Former European Commission President Durão Barroso condemned on Tuesday Russia’s suspension of the grain deal, warned that the price paid to the most vulnerable is “exceedingly severe” and hoped Moscow will reconsider its stance.
Speaking on the sidelines of the 6th Eurafrican Forum, which he is chairing and which started this Tuesday in Nova SBE, in Carcavelos (municipality of Cascais), Durão Barroso said Moscow’s decision is “absolutely reprehensible” after Moscow banned the Black Sea Grains abandoned Initiative, taken over by Russia, Ukraine, Turkey and the United Nations, claiming that its demands had not been met.
“To make African countries and not just African countries, developing countries, pay a very high price for a problem they did not create is very serious,” declared the former leader of the European Commission, former Portuguese Prime Minister and who was non- executive chairman of financial group Golden Sachs, to which he remains affiliated, in part of an interview given to Lusa, which will be released in full on Wednesday.
Durão Barroso expressed his wish that the suspension of the agreement, which allowed the export of Ukrainian grain through the Black Sea, in the midst of the Russian offensive in Ukraine, be reversed, a possibility the Kremlin will keep open if its terms are accepted. .
“I know you see a lot of pressure from some countries, not just Western countries,” he noted, asking “to raise the voice of the most affected countries, because – it is that old expression in different languages –, when there is a great problem among the great, it is the smallest who suffer”.
The co-chairman of the Global Alliance for Vaccines (GAVI), set up in the context of the Covid-19 pandemic, mentioned the case of African countries “that have nothing to do with this war or are not directly involved in it” and those “are the ones who suffer the consequences of this brutal way”.
Durão Barroso recalled that the initiative for the war came from Moscow and that the consequences of the conflict stem from the “illegal action that was Russia’s invasion of Ukraine”, where “there is an aggressor and an attacked” and this is what , he stressed, it is important to explain, because “there can sometimes be a tendency in the so-called ‘global south’ to place all the responsibility on Europeans or Europe”.

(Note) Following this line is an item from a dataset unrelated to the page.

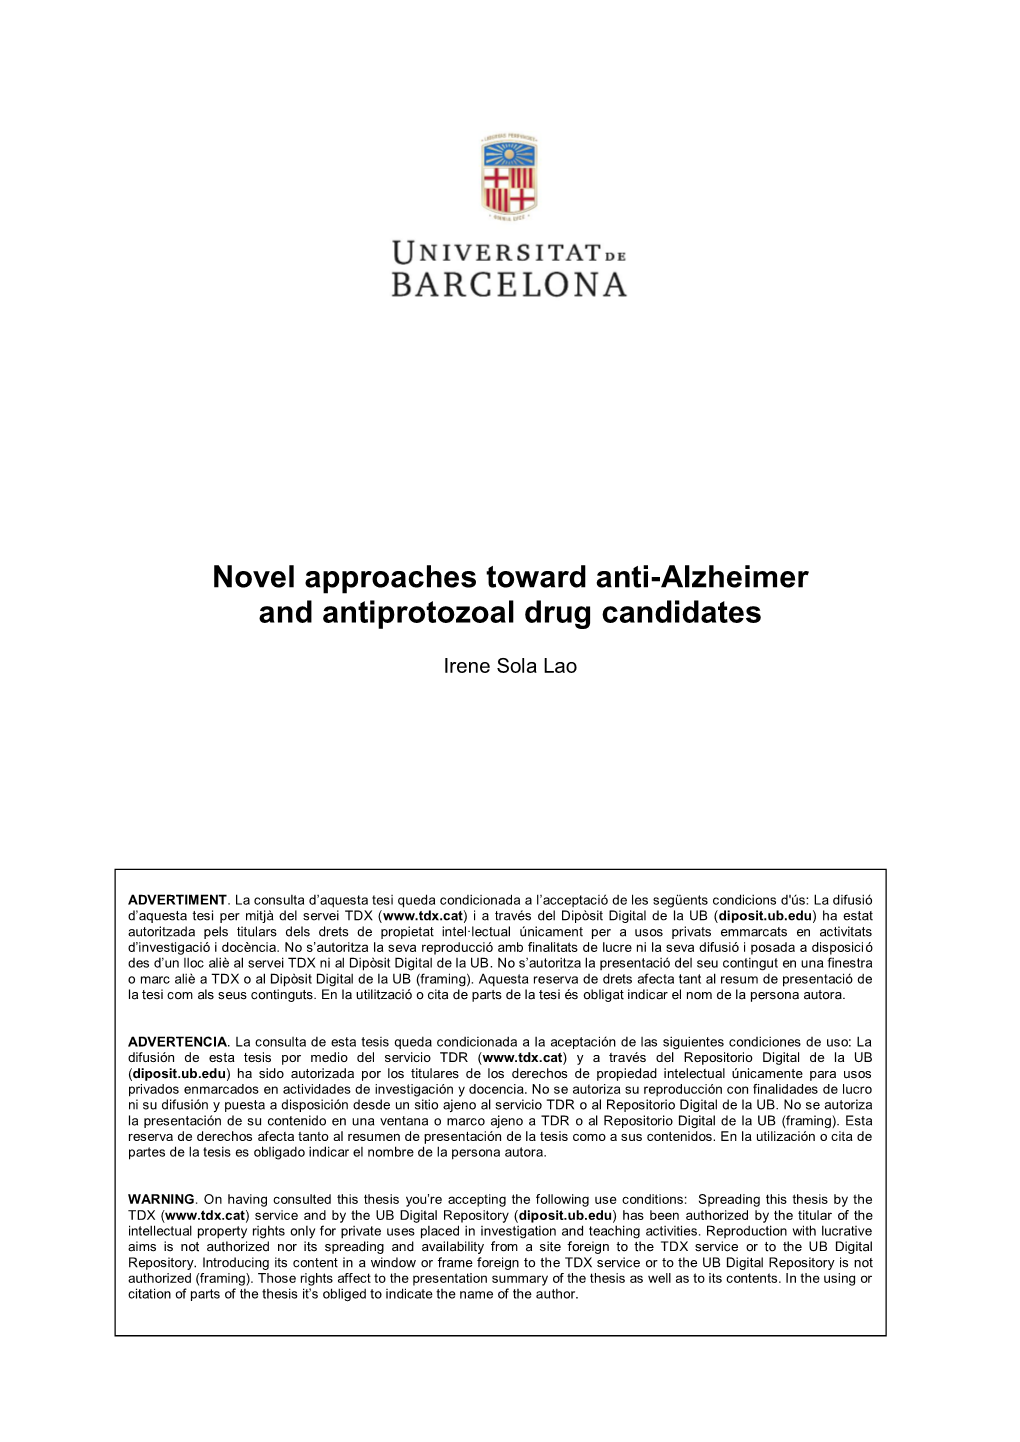 Novel Approaches Toward Anti-Alzheimer and Antiprotozoal

“No”, he insisted, “the responsibility lies with those who launched this war and this aggression”.
Russia opposed the extension of the agreement as long as its demands on trade in its own agricultural products are not met, hampered by sanctions against its banks, and denounced the extension of the agreement.

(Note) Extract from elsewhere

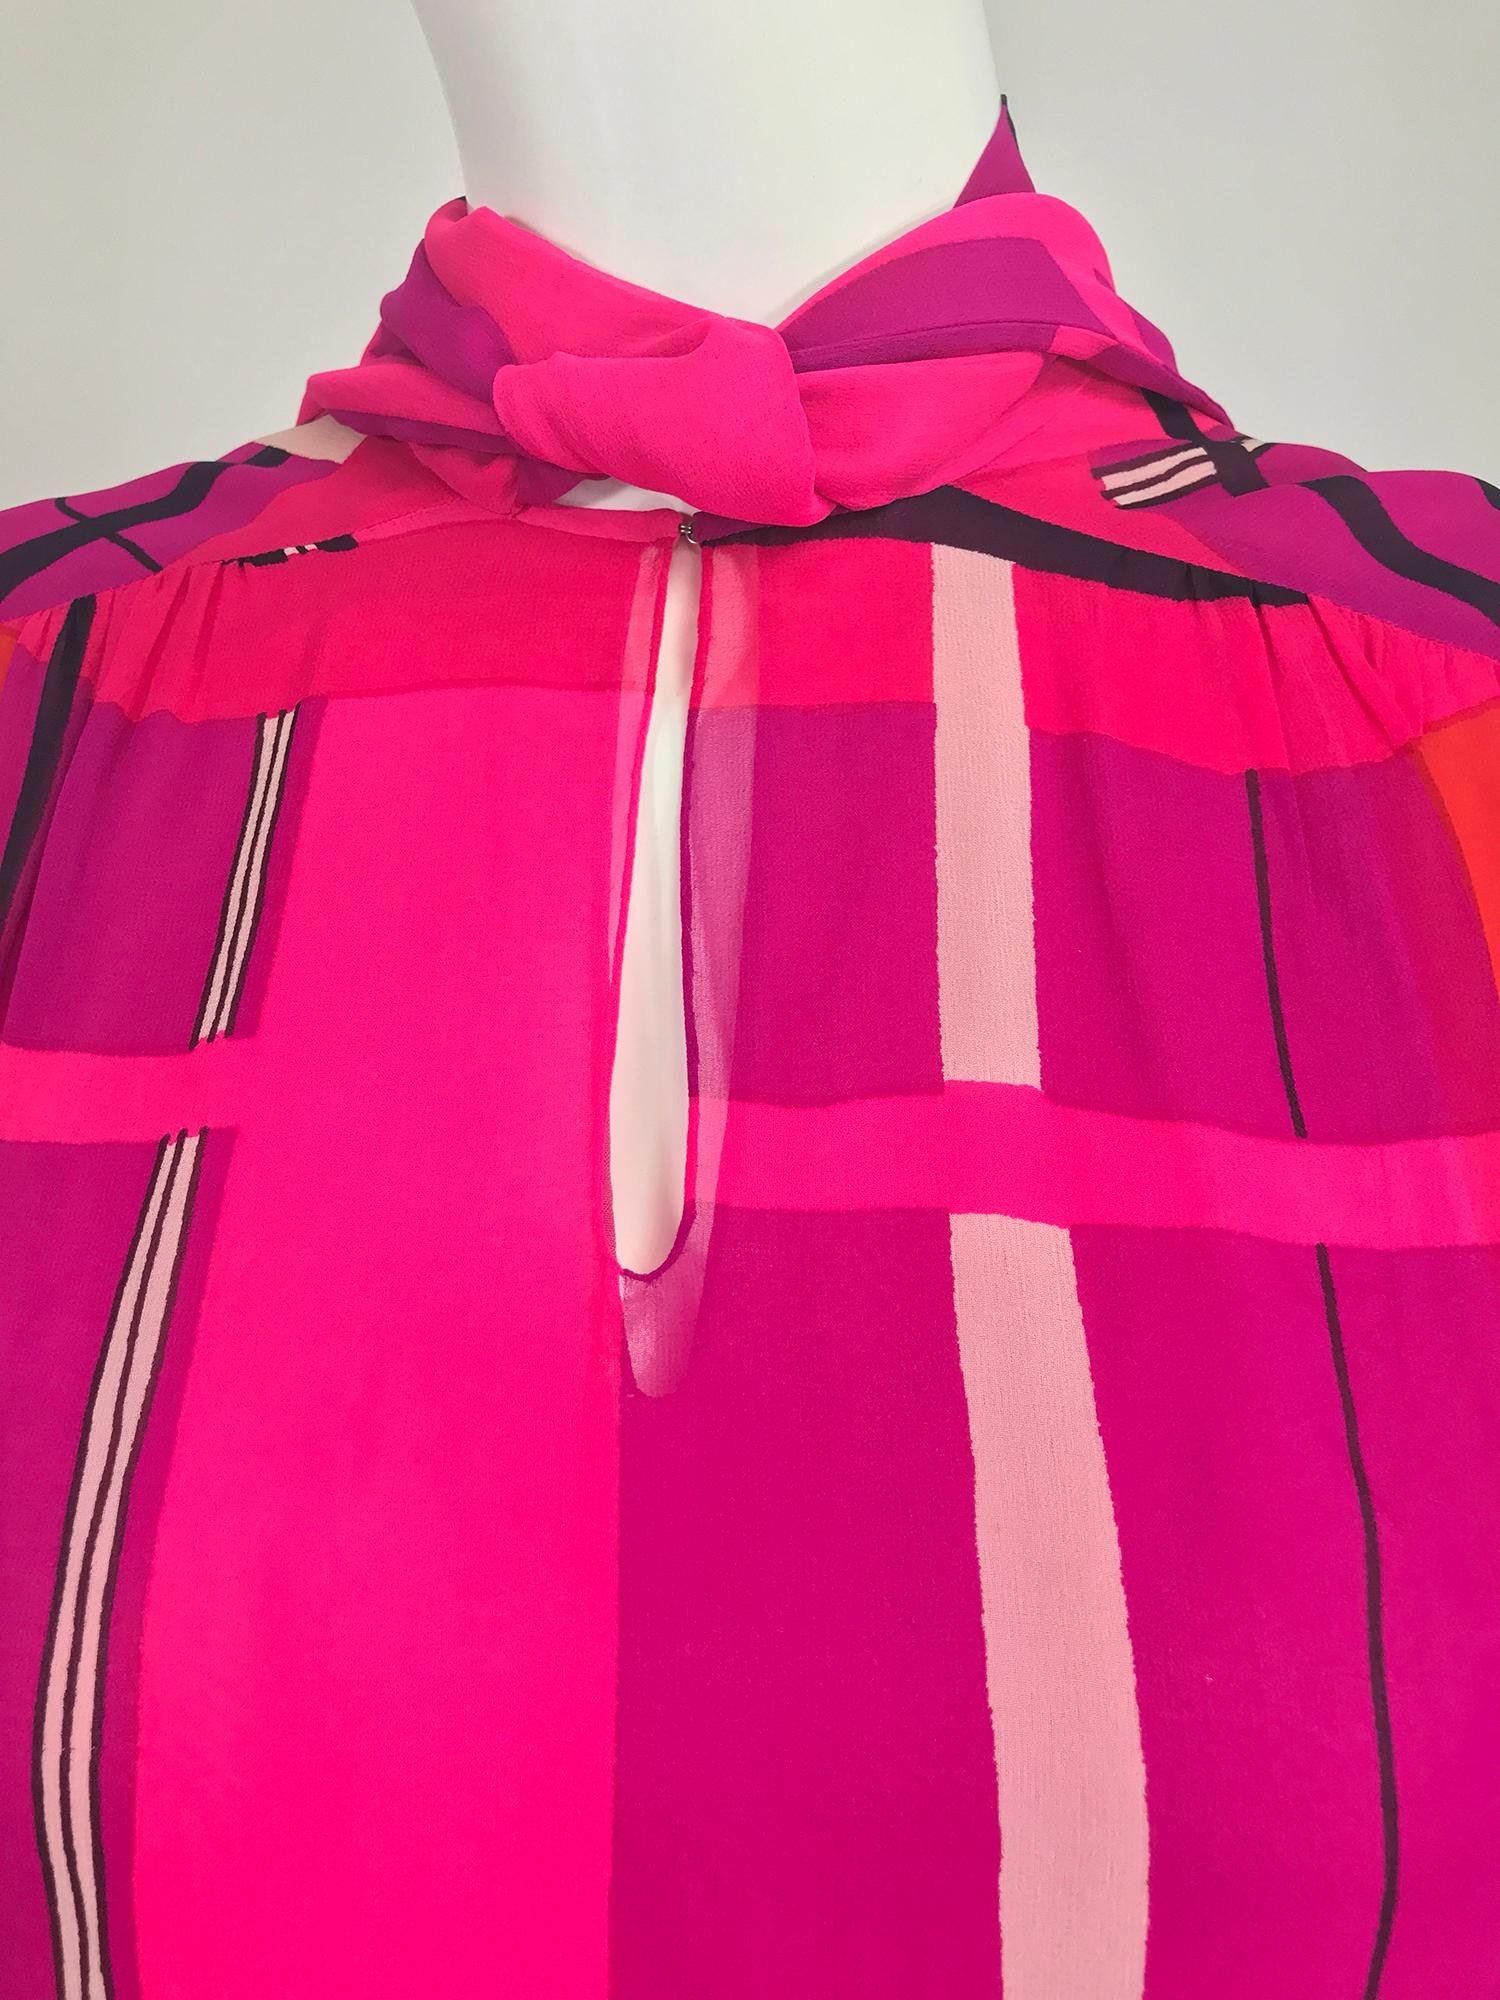 La Mendola Couture Hot Pink Silk Chiffon Modernist Print Dress 1970s 4

The agreement on Ukrainian grains has allowed more than 30 million tons of grains and agricultural products to be marketed despite the ongoing war in Ukraine since the Russian invasion on February 22, 2022.
In response, Ukrainian President Volodymyr Zelensky claimed that “every effort should be made to use this corridor” in the Black Sea even without Russia.
The suspension prompted comments from UN Secretary-General António Guterres, who warned that hundreds of millions of people will pay for Russia’s decision to break the agreement.
Turkey’s president, in turn, said he believed his Russian counterpart, Vladimir Putin, “wants to keep” the deal.
“We will take steps in that direction, with an appeal to Putin, without waiting for August,” he said.
Moscow’s backsliding on the renewal of the Black Sea Grains Initiative has drawn strong criticism from some of Kiev’s key allies, such as the European Commission, the United States, the United Kingdom, Germany, France and Germany and Portugal, and also warned of its impact on millions of people living in vulnerable countries.